* PROMPT
Strip the pictures and reproduce the rest of the listing exactly.

* PROVIDED DATA
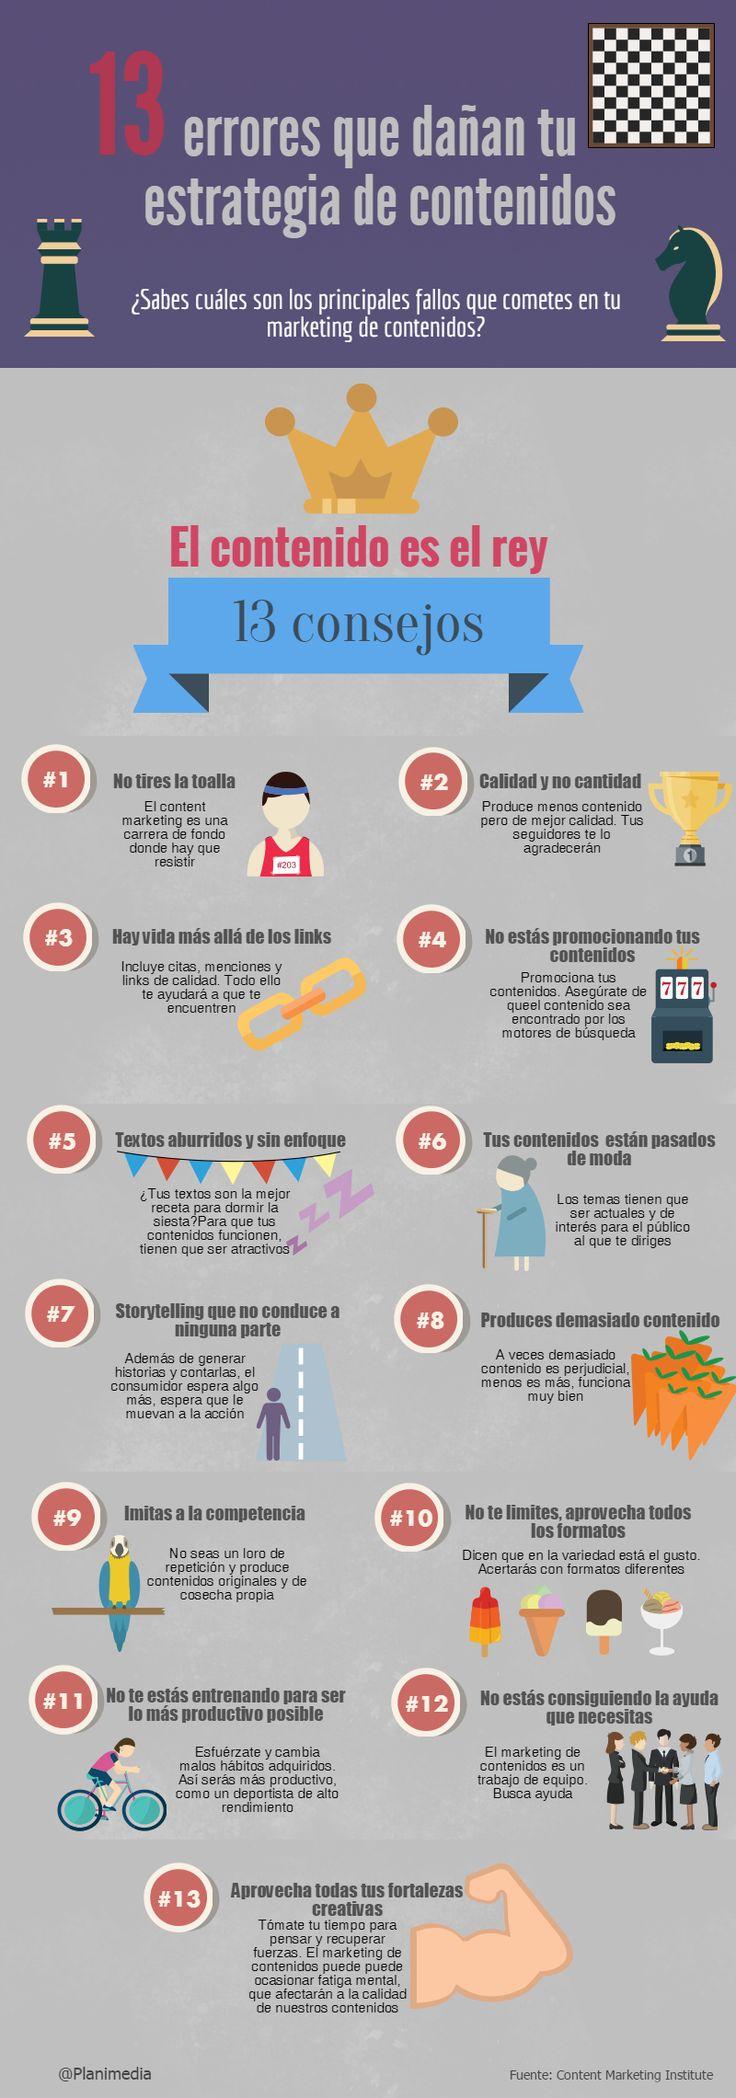 13 ERRORES QUE DAÑAN TU ESTRATEGIA DE CONTENIDOS #INFOGRAFIA #INFOGRAPHIC #MARKETING
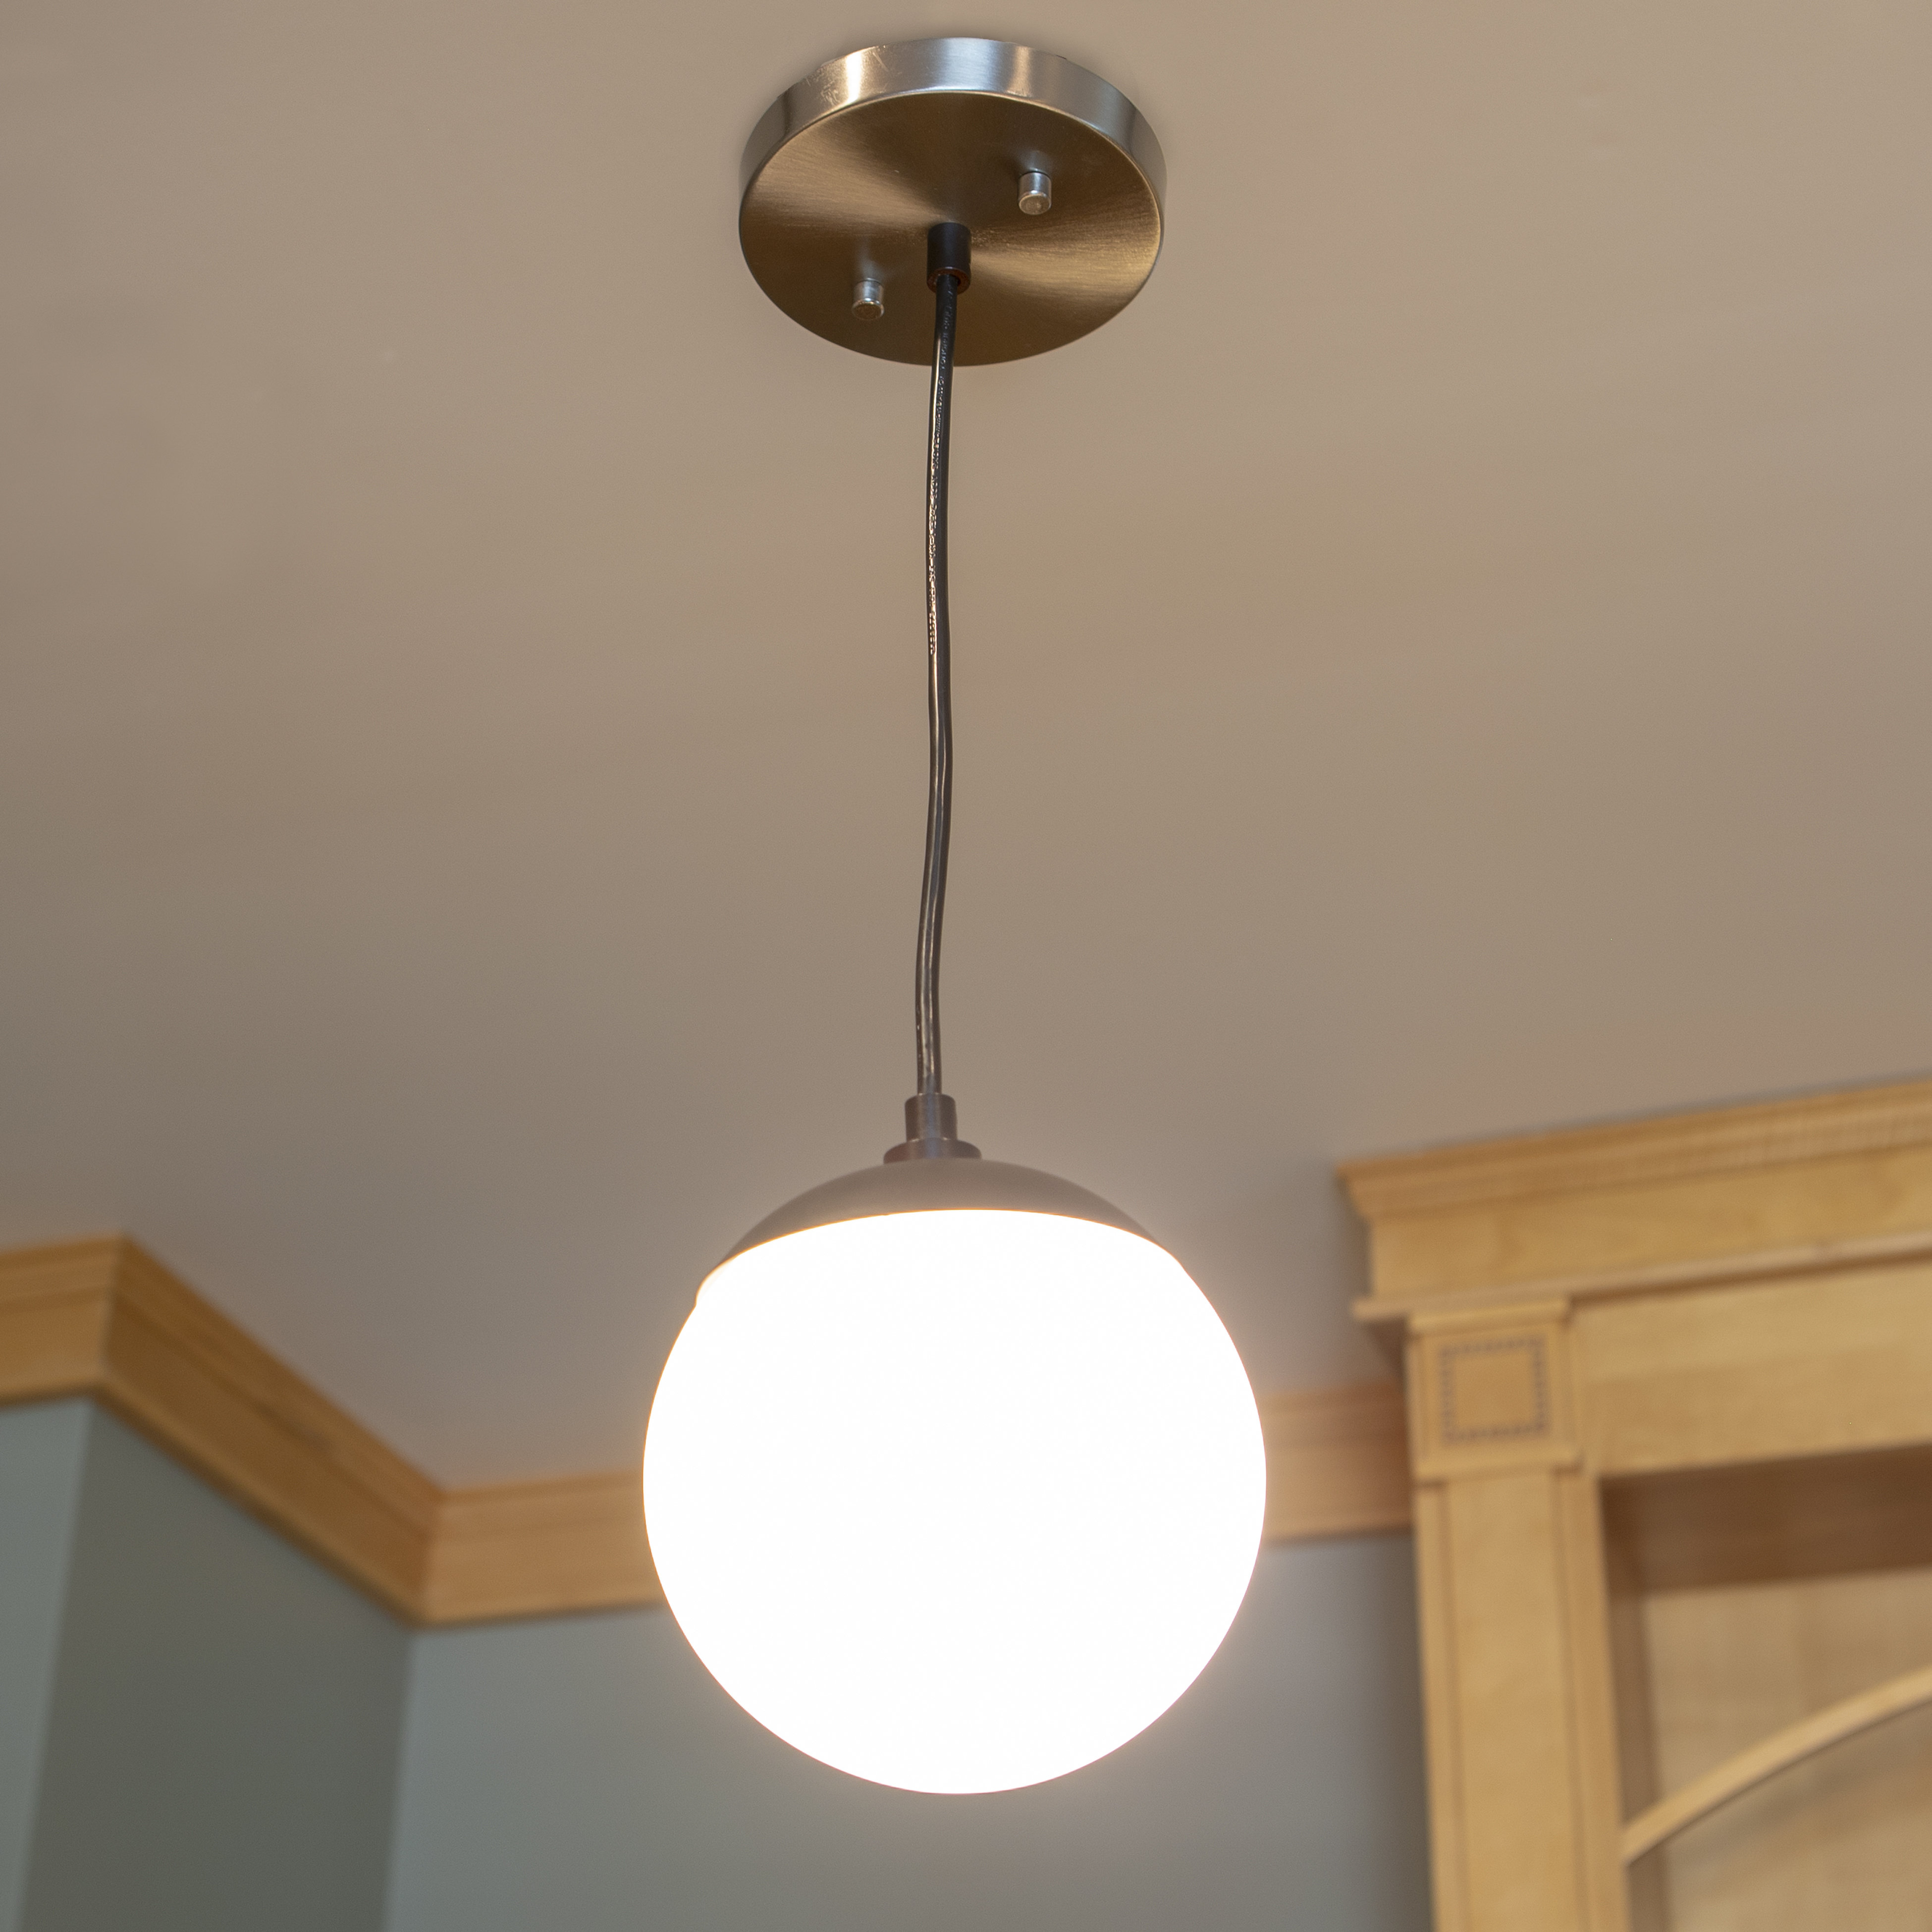 Eckstein 1 Light Globe Pendant With Regard To Bautista 1 Light Single Globe Pendants (Photo 22 of 30)
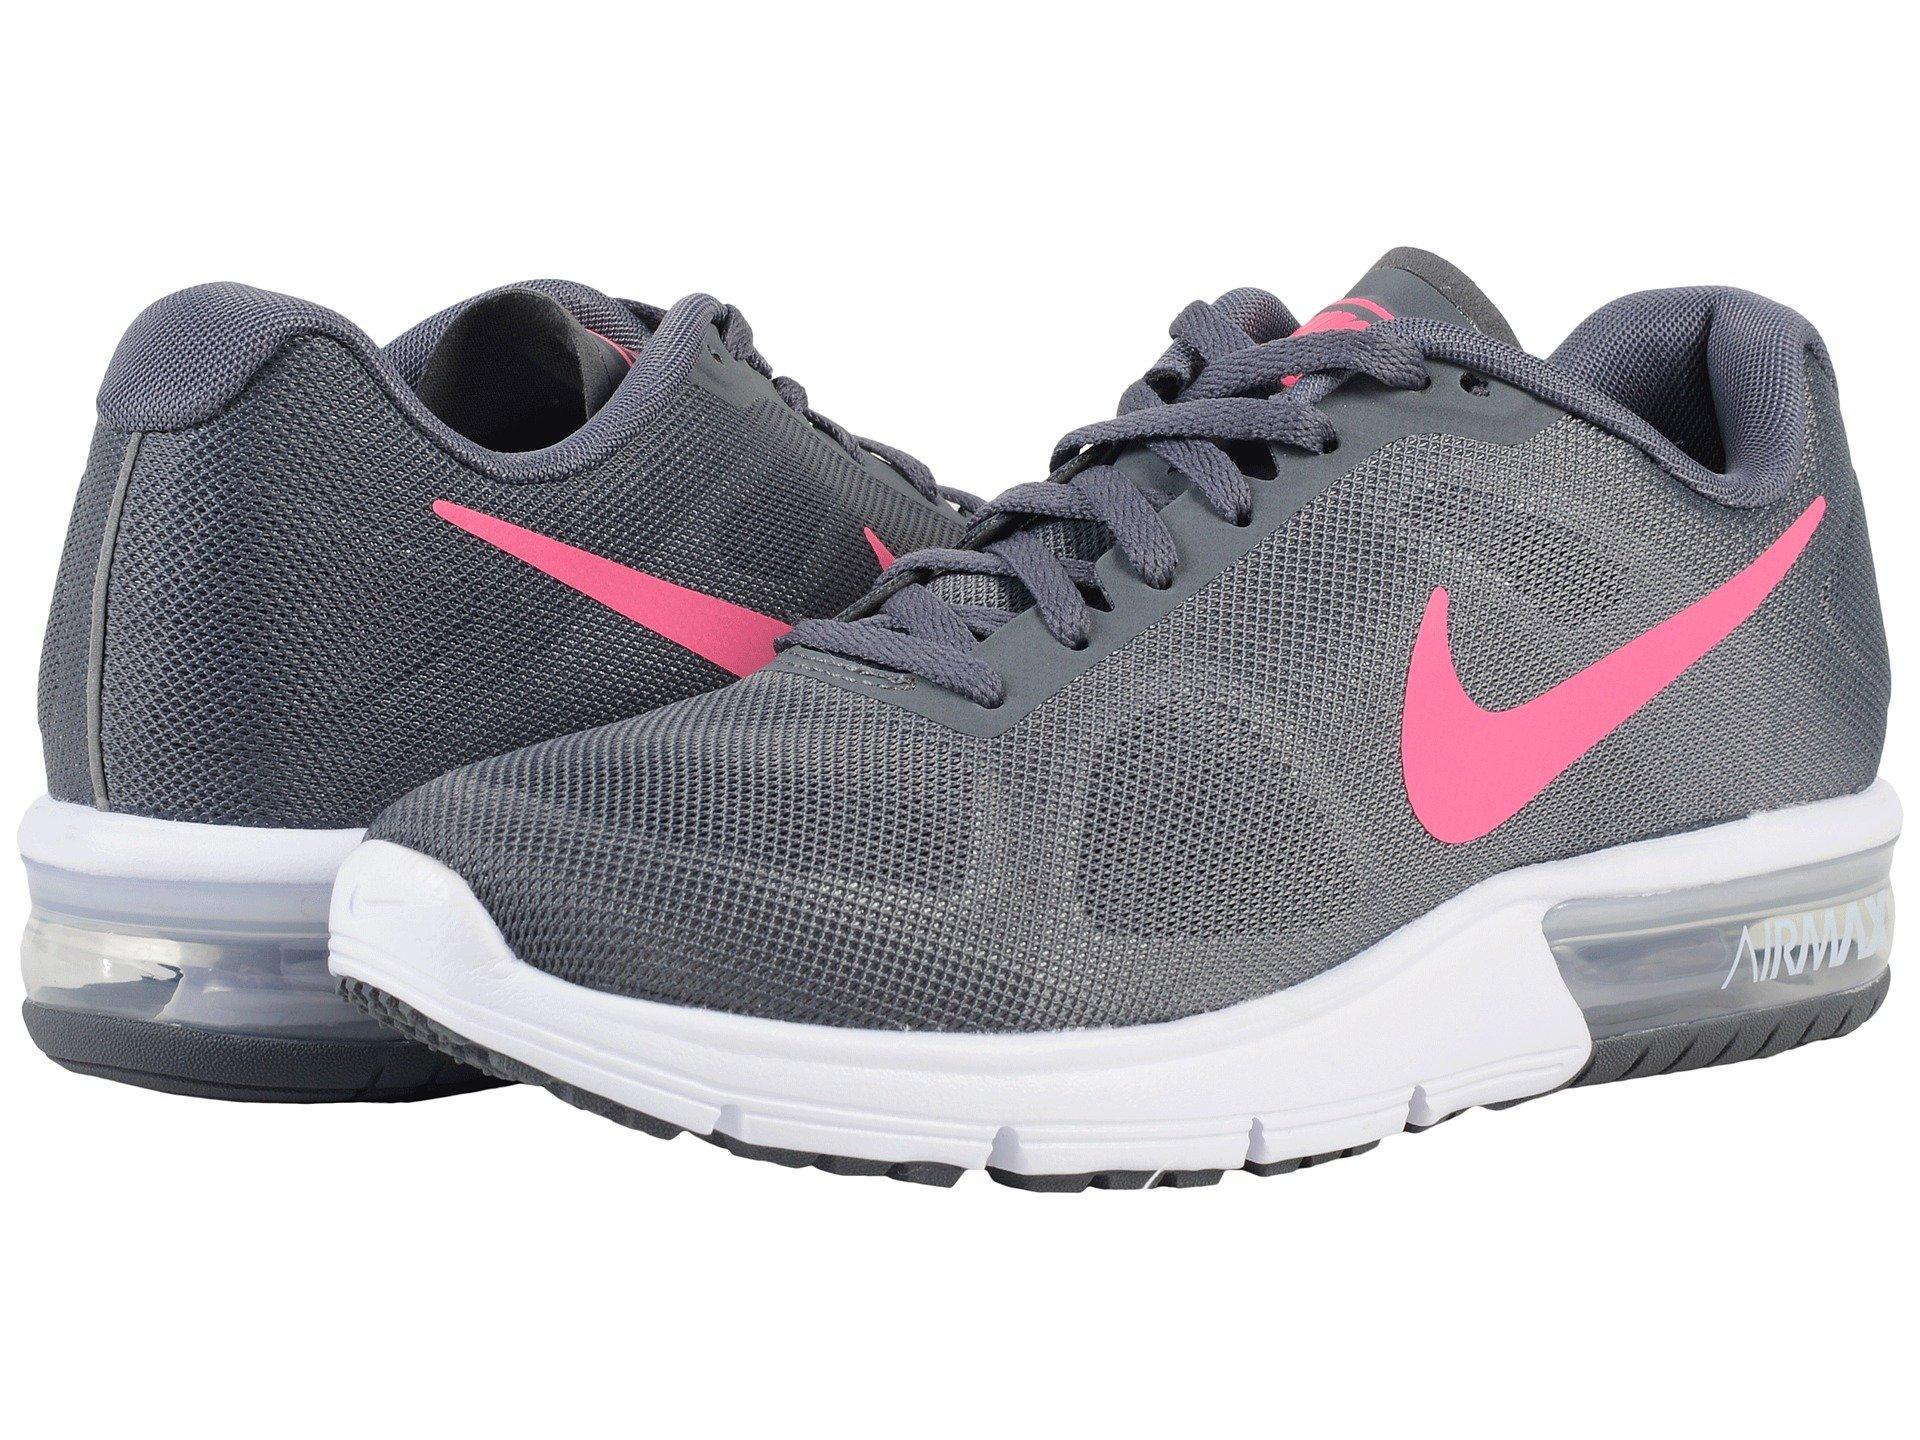 b24f57f87a51 Nike Air Max Sequent In Dark Grey White Black Hyper Pink
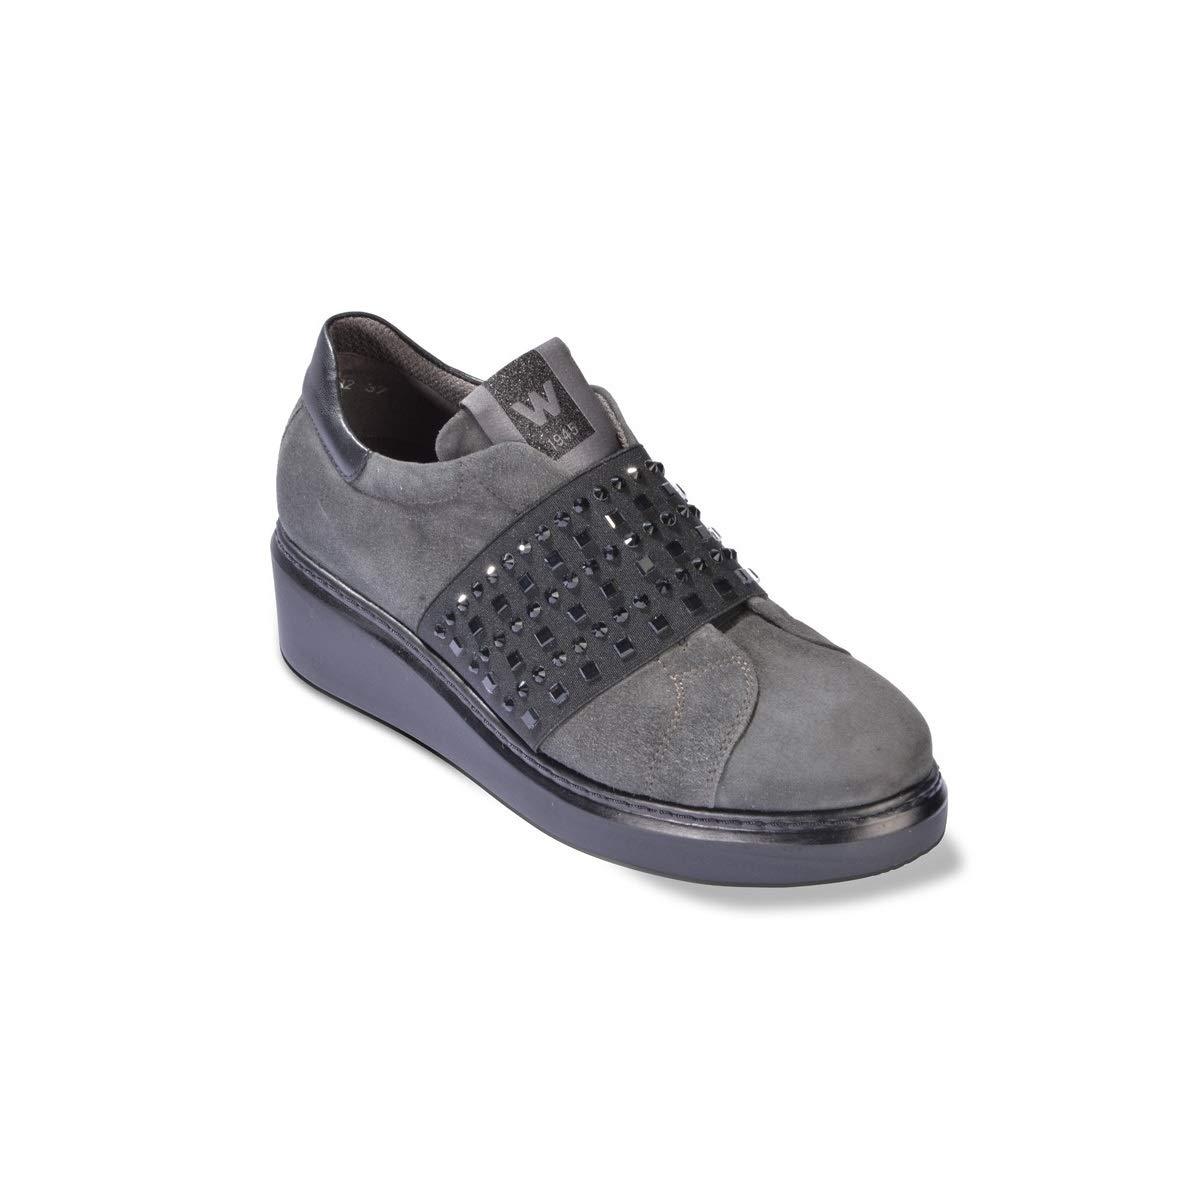 Adidas neo Ballerina Sneaker Schuhe Piona Wildleder Gr. 40

* REPLY TO THE TASK
 13 ERRORES QUE DAÑAN TU ESTRATEGIA DE CONTENIDOS #INFOGRAFIA #INFOGRAPHIC #MARKETING
 Eckstein 1 Light Globe Pendant With Regard To Bautista 1 Light Single Globe Pendants (Photo 22 of 30)
 b24f57f87a51 Nike Air Max Sequent In Dark Grey White Black Hyper Pink
 Adidas neo Ballerina Sneaker Schuhe Piona Wildleder Gr. 40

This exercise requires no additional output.